Em um sinal de ruptura com o governo, a delegação da Líbia na ONU acusou Kadafi de genocídio e fez um apelo por sua renúncia. Diversas autoridades - inclusive o ministro da Justiça, Mustafá Abdel Yalil, e diplomatas em diferentes países - renunciaram em protesto contra o uso excessivo de força na repressão das manifestações. De acordo com a organização americana Human Rights Watch, os protestos na Líbia deixaram pelo menos 233 mortos desde 17 de fevereiro.
O clérigo muçulmano Yusuf al-Qaradawi, que nasceu no Egito mas vive no Catar, pediu nesta segunda-feira a morte de Kadafi. "Qualquer pessoa no Exército líbio que puder atirar em Kadhafi deve fazê-lo", disse Qaradawi, 85 anos. Ele apresenta um programa popular na Al-Jazeera e possui ligações com a Irmandade Muçulmana, principal grupo de oposição do Egito.
Após a renúncia das autoridades, o filho de Kadafi, Saif el-Islam Kadafi, anunciou a criação de uma comissão para investigar episódios violentos durante os protestos. A comissão será dirigida por um juiz, e incluirá membros de organizações de direitos humanas líbias e estrangeiras.
Venezuela
Enquanto a tensão aumenta, circulam boatos de que Kadafi teria viajado para a Venezuela para escapar dos protestos.
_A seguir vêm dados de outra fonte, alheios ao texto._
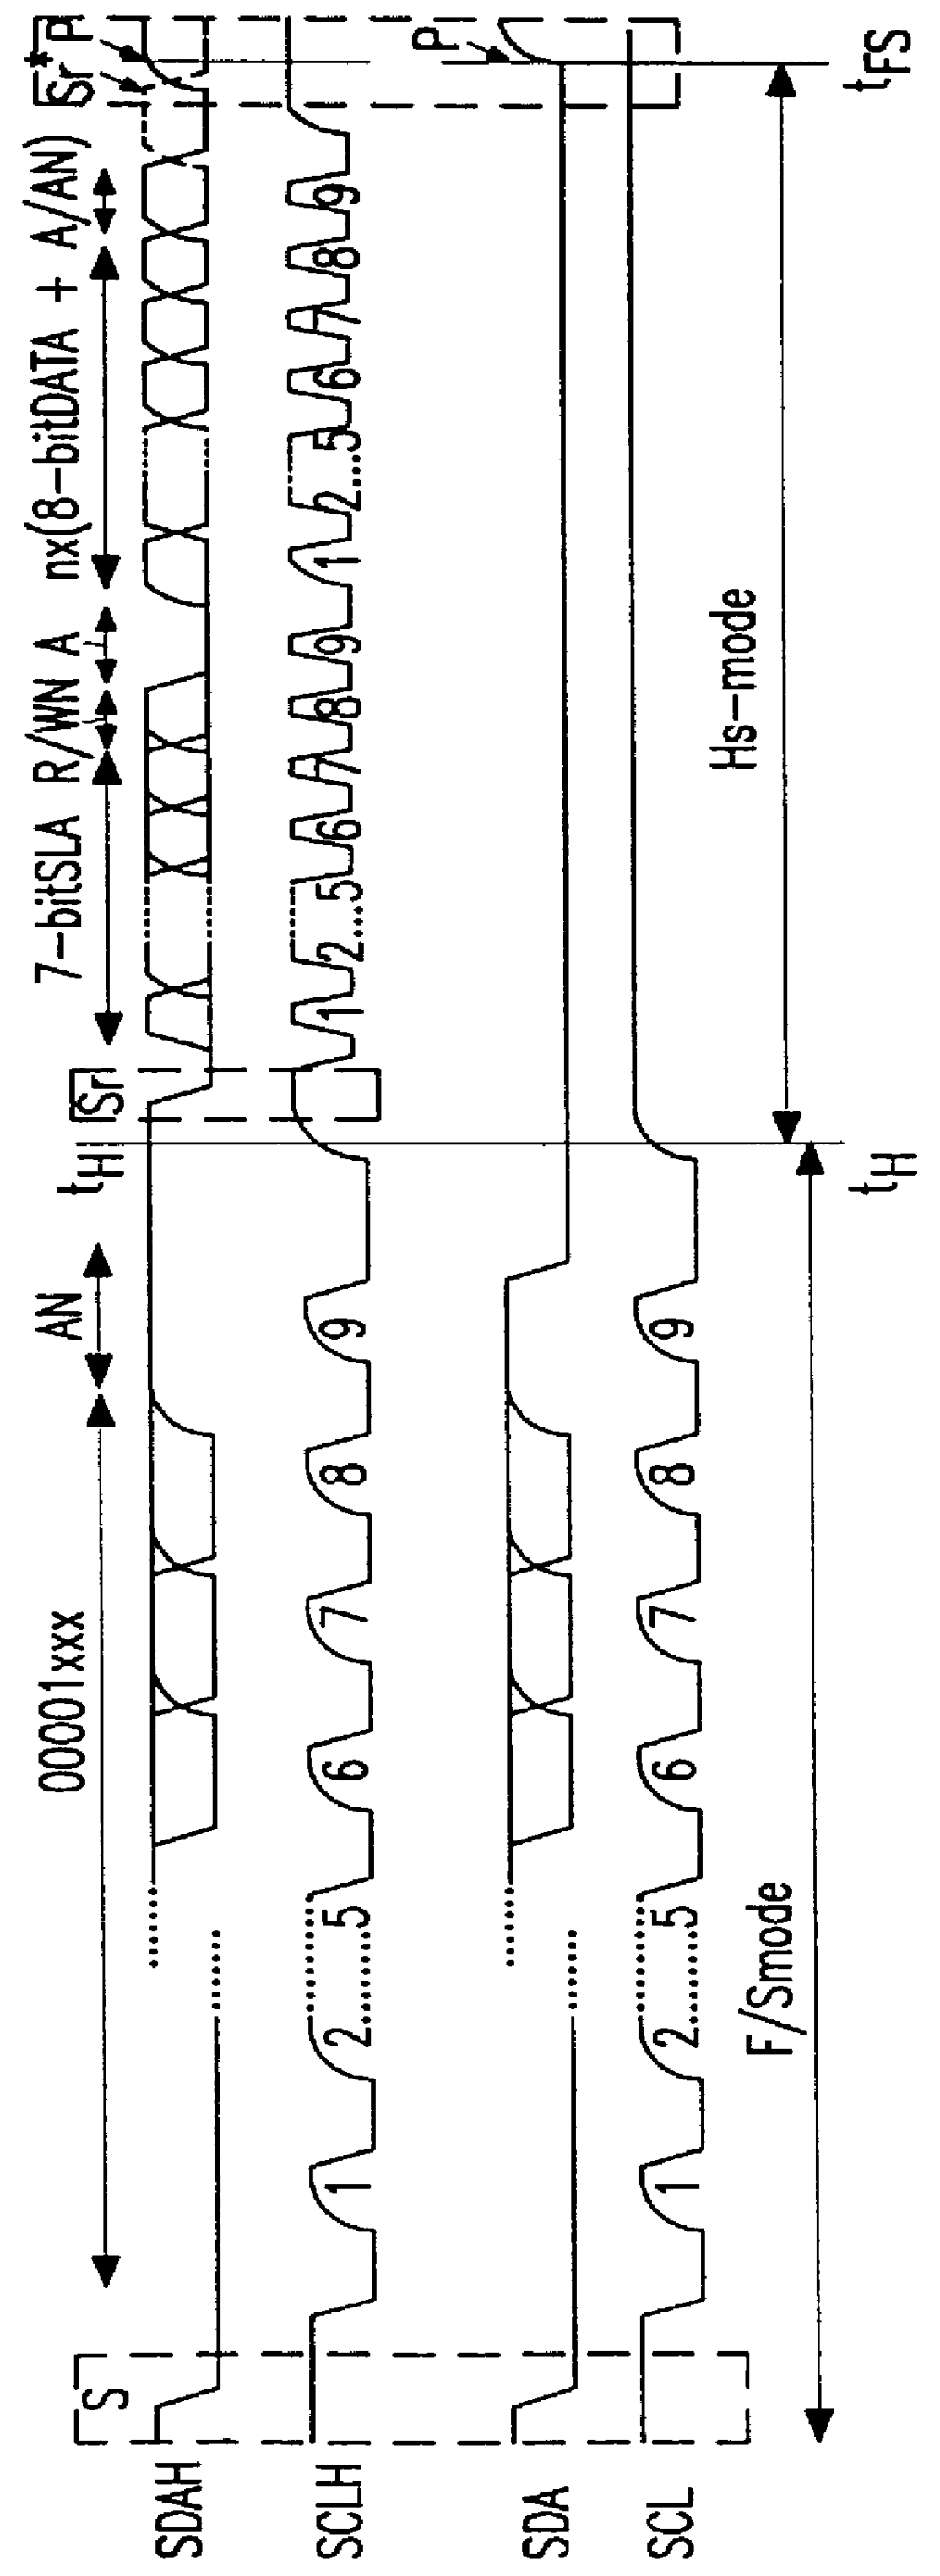 Electronic apparatus having a high-speed communication bus system such as an I.sup.2 C bus system

Uma autoridade do governo do presidente Hugo Chávez, porém, negou a informação, que tinha sido comentada inclusive pelo ministro das Relações Exteriores britânico.
"Vocês me perguntaram mais cedo se o coronel Kadafi estaria na Venezuela", afirmou Hague a repórteres, em meio a reunião de chanceleres europeus em Bruxelas. "Eu não tenho nenhuma informação que diga isso, mas vi algumas informações que sugerem que ele está a caminho de lá neste momento."
Líderes muçulmanos
Também nesta segunda-feira, uma coalizão de líderes muçulmanos líbios emitiu uma declaração dizendo que é obrigação de todo muçulmano se rebelar contra o governo líbio.
"Eles demonstraram total impunidade e até mesmo intensificaram seus crimes sangrentos contra a humanidade. Portanto, eles demonstraram total infidelidade à orientação de Deus e Seu amado Profeta (que a paz esteja com ele)", disse o grupo, chamado de Rede dos Ulemas (sábios religiosos) Livres da Líbia. "Isto os torna não merecedores de nenhum apoio ou obediência e faz com que a rebelião contra eles por todos os meios possíveis seja uma obrigação de origem divina", diz o texto.
Início dos protestos
Os protestos na Líbia foram desencadeados pela prisão de Fathi Terbil, advogado e notório crítico de Kadafi preso na semana passada em Benghazi. Terbil representa as famílias de vítimas do suposto massacre realizado por forças de segurança no presídio de Abu Slim, em Trípoli, em 1996.
Mais de mil prisioneiros foram mortos na ação de forças de segurança, em circunstâncias que ainda não foram esclarecidas. O presídio abriga opositores do governo e militantes islâmicos.
Uma multidão que contava com parentes dos presos mortos na ação marchou até a sede do governo local para exigir que Terbil fosse solto. Mesmo após a libertação do ativista, os manifestantes seguiram para a praça Shajara, no que se tranformou em protesto contra o governo.
Manifestações pró-democracia vêm se espalhando por diversos países árabes. Eles tiveram início na Tunísia em dezembro passado e provocaram a deposição do então presidente do país, Zine al-Abidine Ben Ali, no final de janeiro. Em fevereiro, uma série de manifestações provocou a renúncia do presidente do Egito, Hosni Mubarak.
Nos últimos dias, também ocorreram protestos em países como Bahrein, Argélia, Iêmen, Marrocos e Jordânia.